A short answer is "no and yes."
Here's a longer answer: Any corporation in Kansas, including a nonprofit corporation, will generally lose their ability to engage in the purpose for which they were formed once they have been administratively dissolved. That's the "no" part of the answer.
But, there are two exceptions, and they are the "yes" part of the answer. First, the corporation will automatically remain in existence for "the term of three years ... or for such longer period as the district court in its discretion shall direct" in order "gradually to settle and close their business, to dispose of and convey their property, to discharge their liabilities, but not for the purpose of continuing the business for which the corporation was organized." Collecting new dues from an owner who did not move in until more than 10 years after the organization was dissolved does not likely fall into that exception, but there is a (very) slim chance this "wind-up" period is in play.
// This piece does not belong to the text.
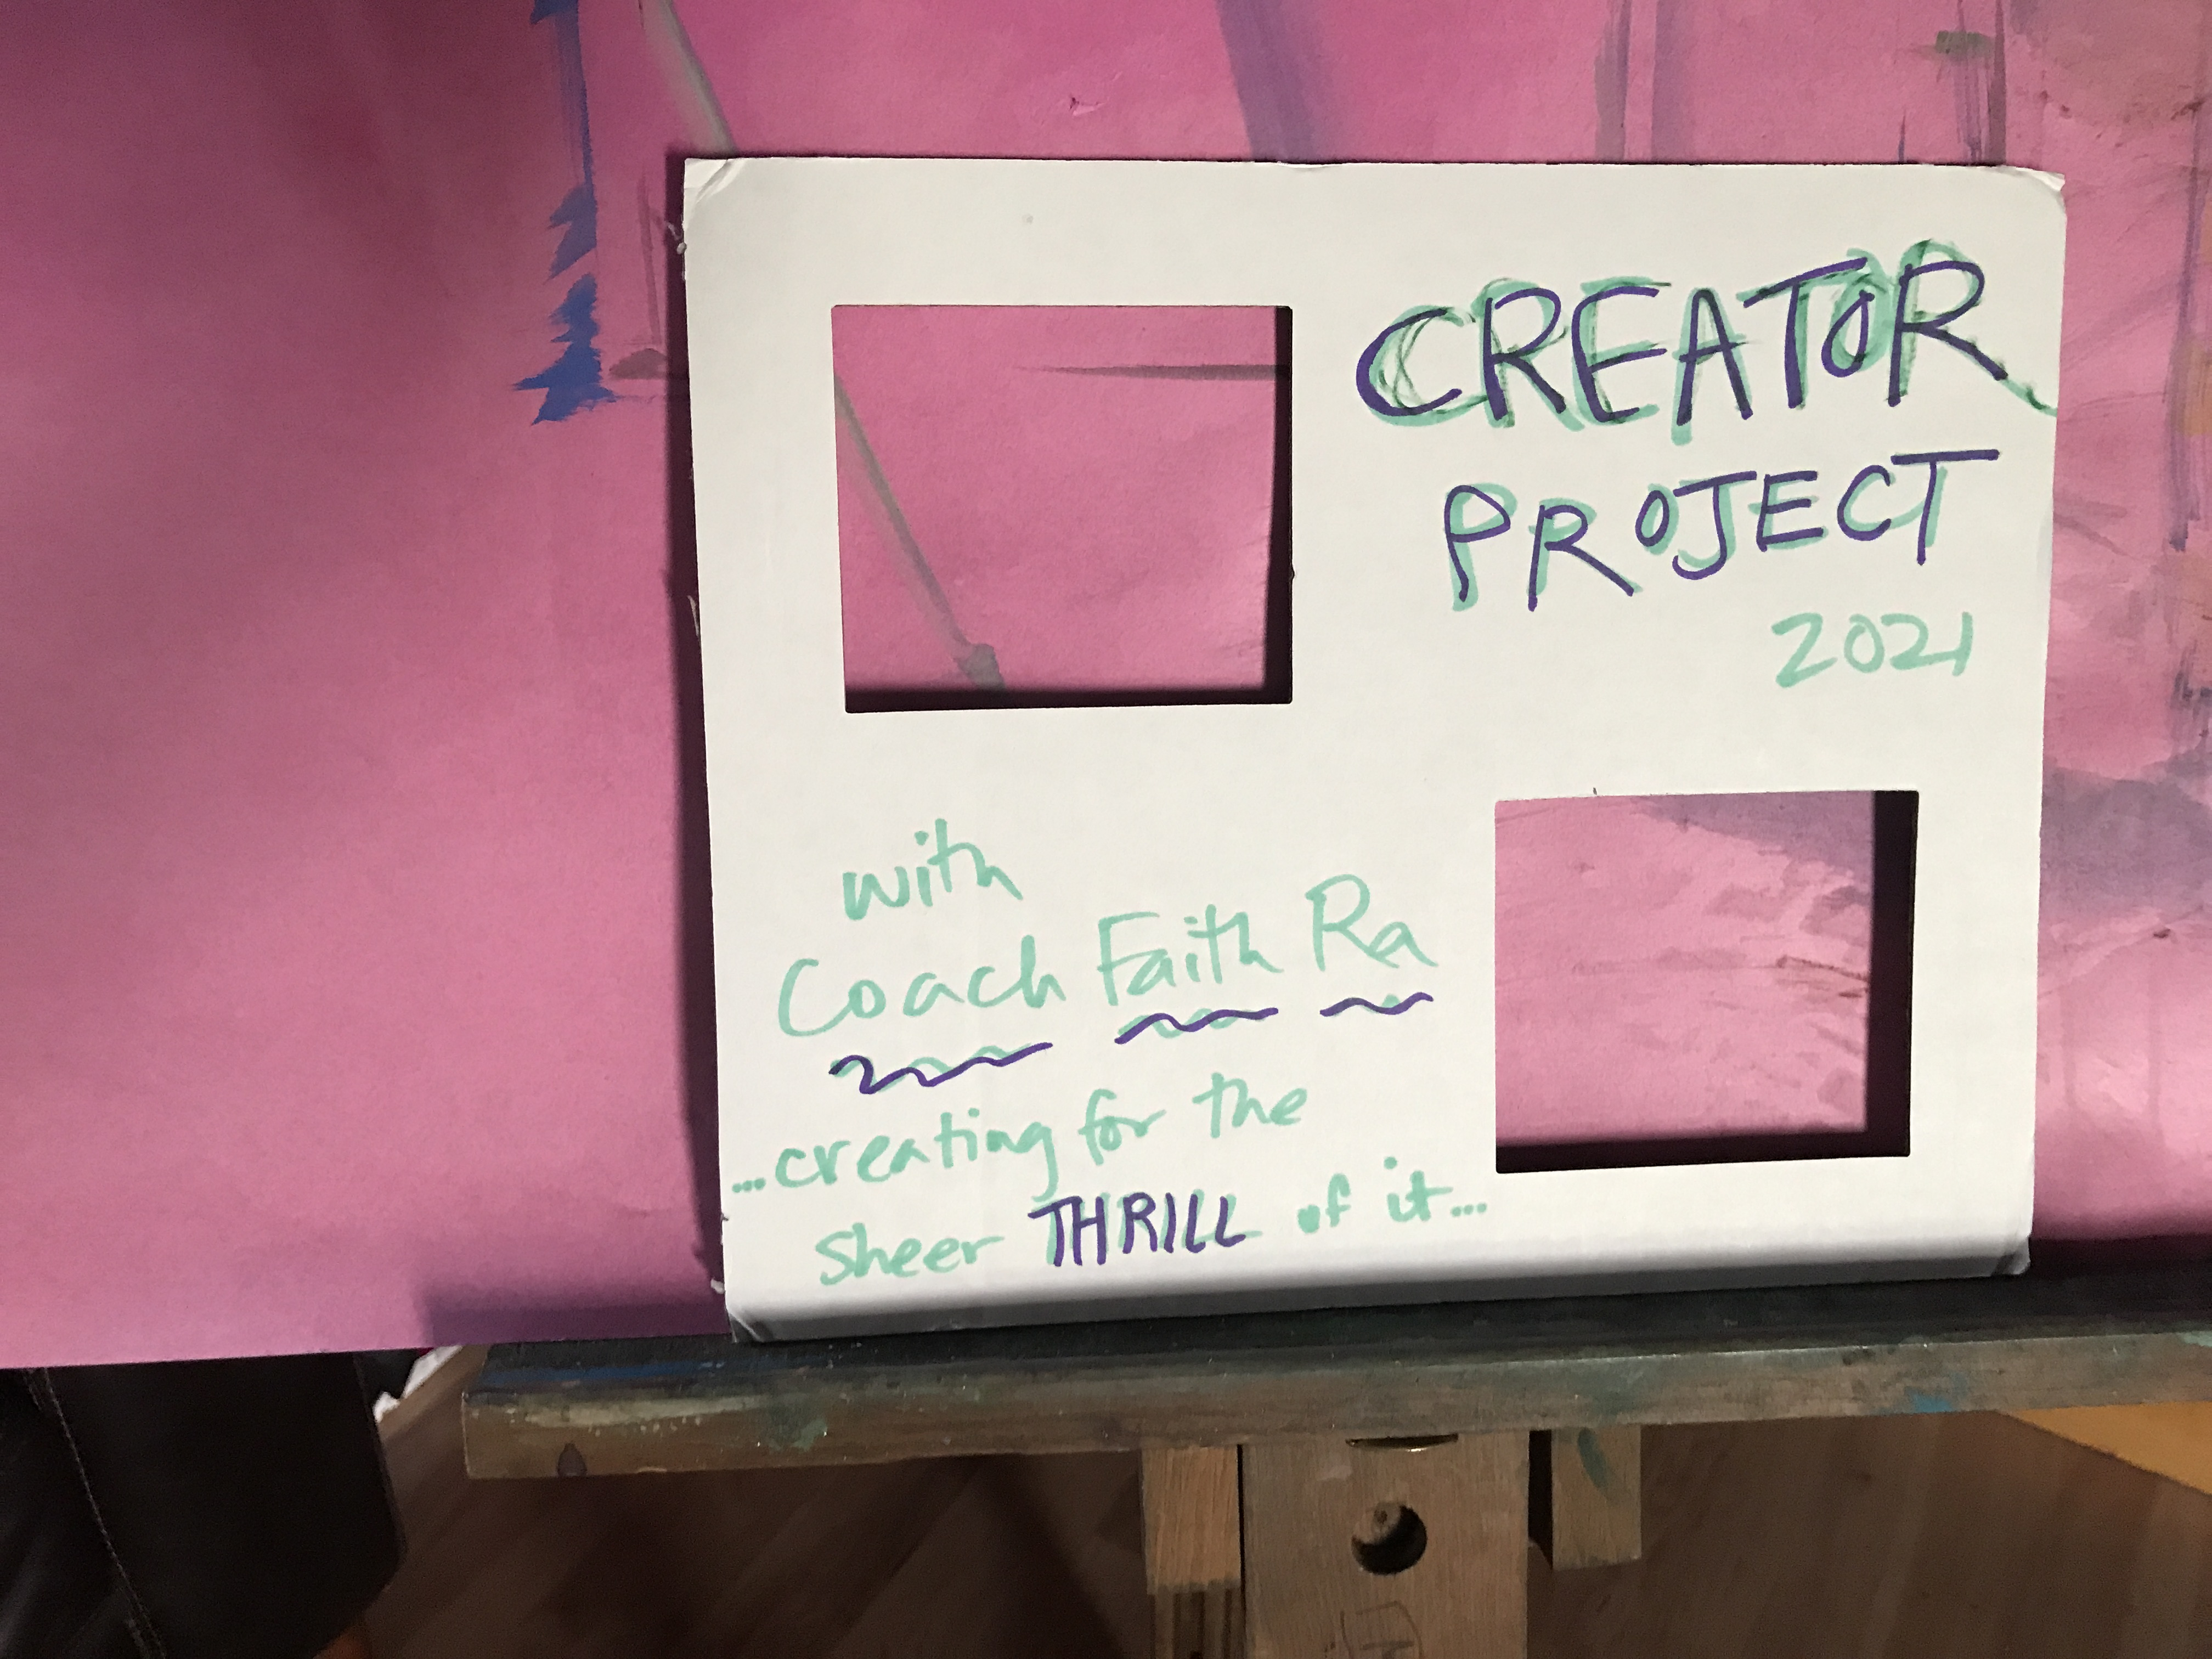 Creator Project 2021 with Coach Faith Ra
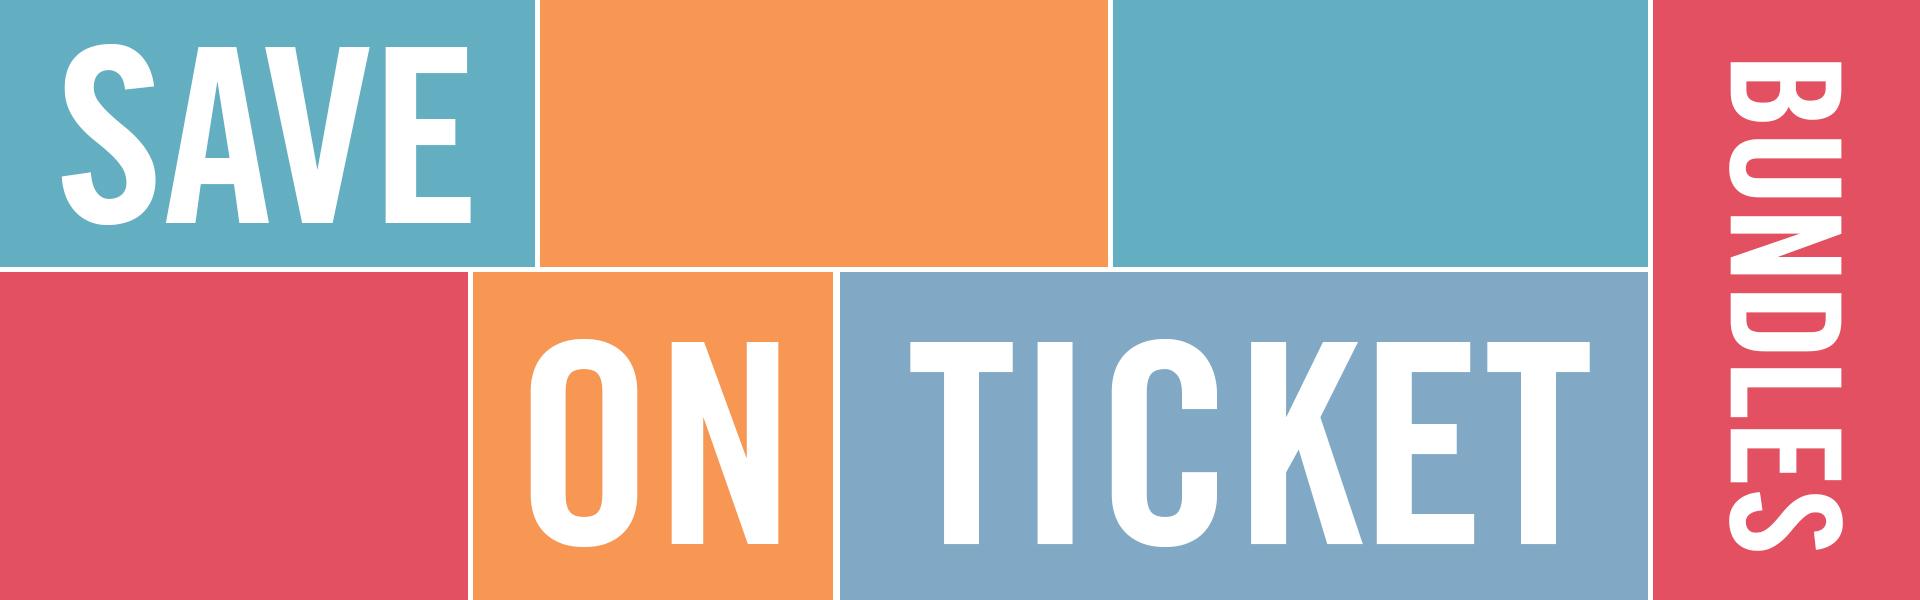 WEB BANNER_Save On Ticket Bundles_1920x600_V1.jpg

Second, a corporation, including a nonprofit corporation, can apply for reinstatement by catching up with any administrative deficiencies that caused the Secretary of State to dissolve it to begin with. So, for example, if a corporation was dissolved for failing to file annual reports, they can be reinstated by filing the missing reports and paying past-due fees. Once the nonprofit has done that, they are not only back in business, but anything that they did during the time that they were dissolved is given full force and effect. The relevant law is Kansas Statute Annotate Chapter 17, Article 70, Section 17-7002. "Upon the filing of the [reinstatement] certificate ... the corporation shall be renewed or reinstated with the same force and effect as if its articles of incorporation or authority to engage in business had not been forfeited or void pursuant to this code or had not expired by limitation." That reinstatement "shall validate all contracts, acts, matters and things made, done and performed within the scope of its articles of incorporation or authority to engage in business by the corporation, its officers and agents during the time when its articles of incorporation or authority to engage in business was forfeited or void pursuant to this code, or after their expiration by limitation, with the same force and effect and to all intents and purposes as if the articles of incorporation had at all times remained in full force and effect."
So that's the big "yes" part of "no and yes." Even if the nonprofit is dissolved (for now) it takes very little for the organization to achieve reinstatement and have all their actions retroactively made valid.